"May the God of hope fill you with great joy and peace as you trust in him." Romans 15:13

Friday, October 7, 2016

He Came Home


It has been a hard week.  One of Jamison's high school classmates and friends died in a tragic hunting accident.  While this news would always hit me hard, at this point in my life, it was so very personal.  I miss having daily contact with Jamison so very much.  So Very Much.  And yet this momma will never again have contact with her son, this side of heaven.  It just wrecks me.

Plus, because I had not seen Jamison face to face, I didn't really know how he was doing in the after math of this tragedy.  It is the first peer that my kids have lost.  There is something intense about someone your own age dying.  

Plus, the little kids were missing Jay.  Mataya had refused to talk to him since he moved into the dorm.  On the brief occasions she had been around him, she would not go near him.  She told me, "I mad at him.  He go 'way!"  And Joshua had lost his wrestling partner.  For an eight year old boy, that is a huge loss.

Soooooo, when Jamison showed up at about 3:00 this afternoon, I was so grateful.  For four and a half hours, we chatted.  For the first time since he moved out, I feel like I know a bit about his life again.  
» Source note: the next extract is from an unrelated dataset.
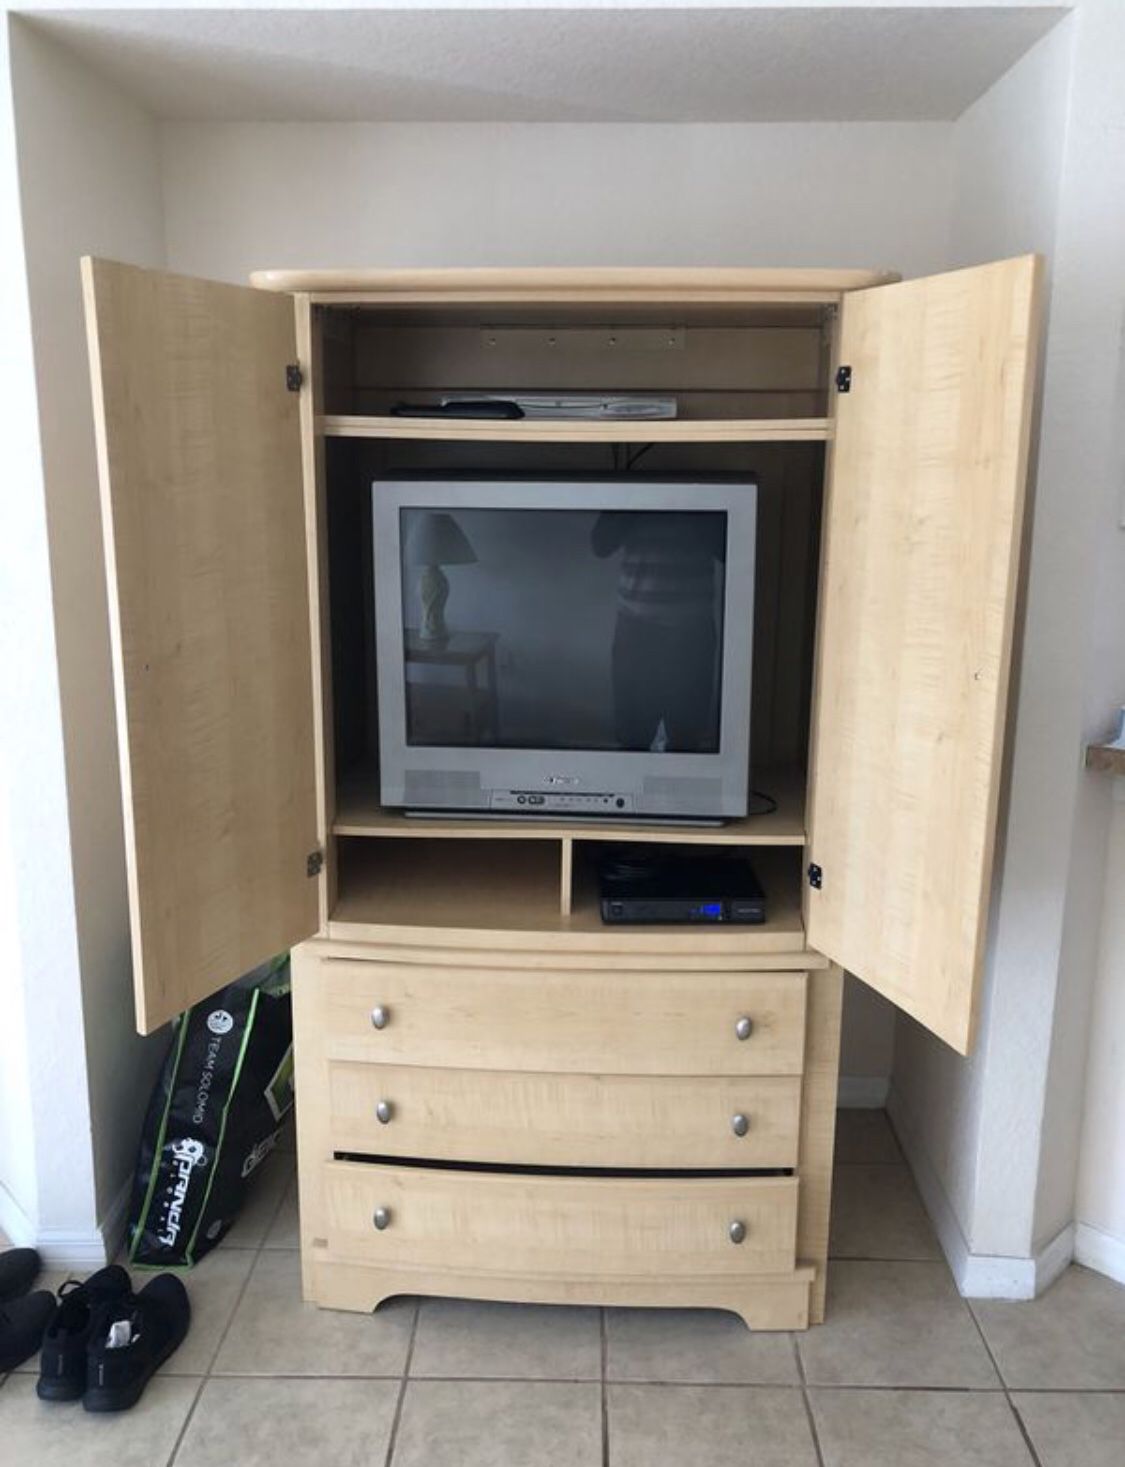 Comes with tv and dvd player

He played with the little kids.  Mataya was ALL over him.  Begging in silly toddler fashion, "Jay don't get me!  Jay don't tickle me!  Jay!  Jamison, Jayyy-missss-sssonnn don't chase me!  Jamison don't get me with your beard!!!" for his attention.  And he lavished it on her.  Chasing and hugging and tickling and playing.  

When Joshua walked in from school, Jamison jumped off the couch and greeted him in a wrestler's stance.

We had supper together.  I did his laundry.  Sierra and Jay chatted in the kitchen while I cleaned up supper.  Normal felt soooo good.

My heart is so much more relaxed this evening.  A couple of big hugs and a few hours with my son made me feel so much better.  He really is doing well.  I saw it in his eyes.

Confession - I really did not expect to miss him this much!  I truly am OK.  I don't walking around crying all the time.  I am functioning quite well - BUT there is this constant tension in my heart wondering how he is, missing the daily mundane moments of his life.  Krissy has always stopped home every couple of days, so this is all new to me.  I had no idea how pathetic I would be!  I even roll my eyes at myself sometimes!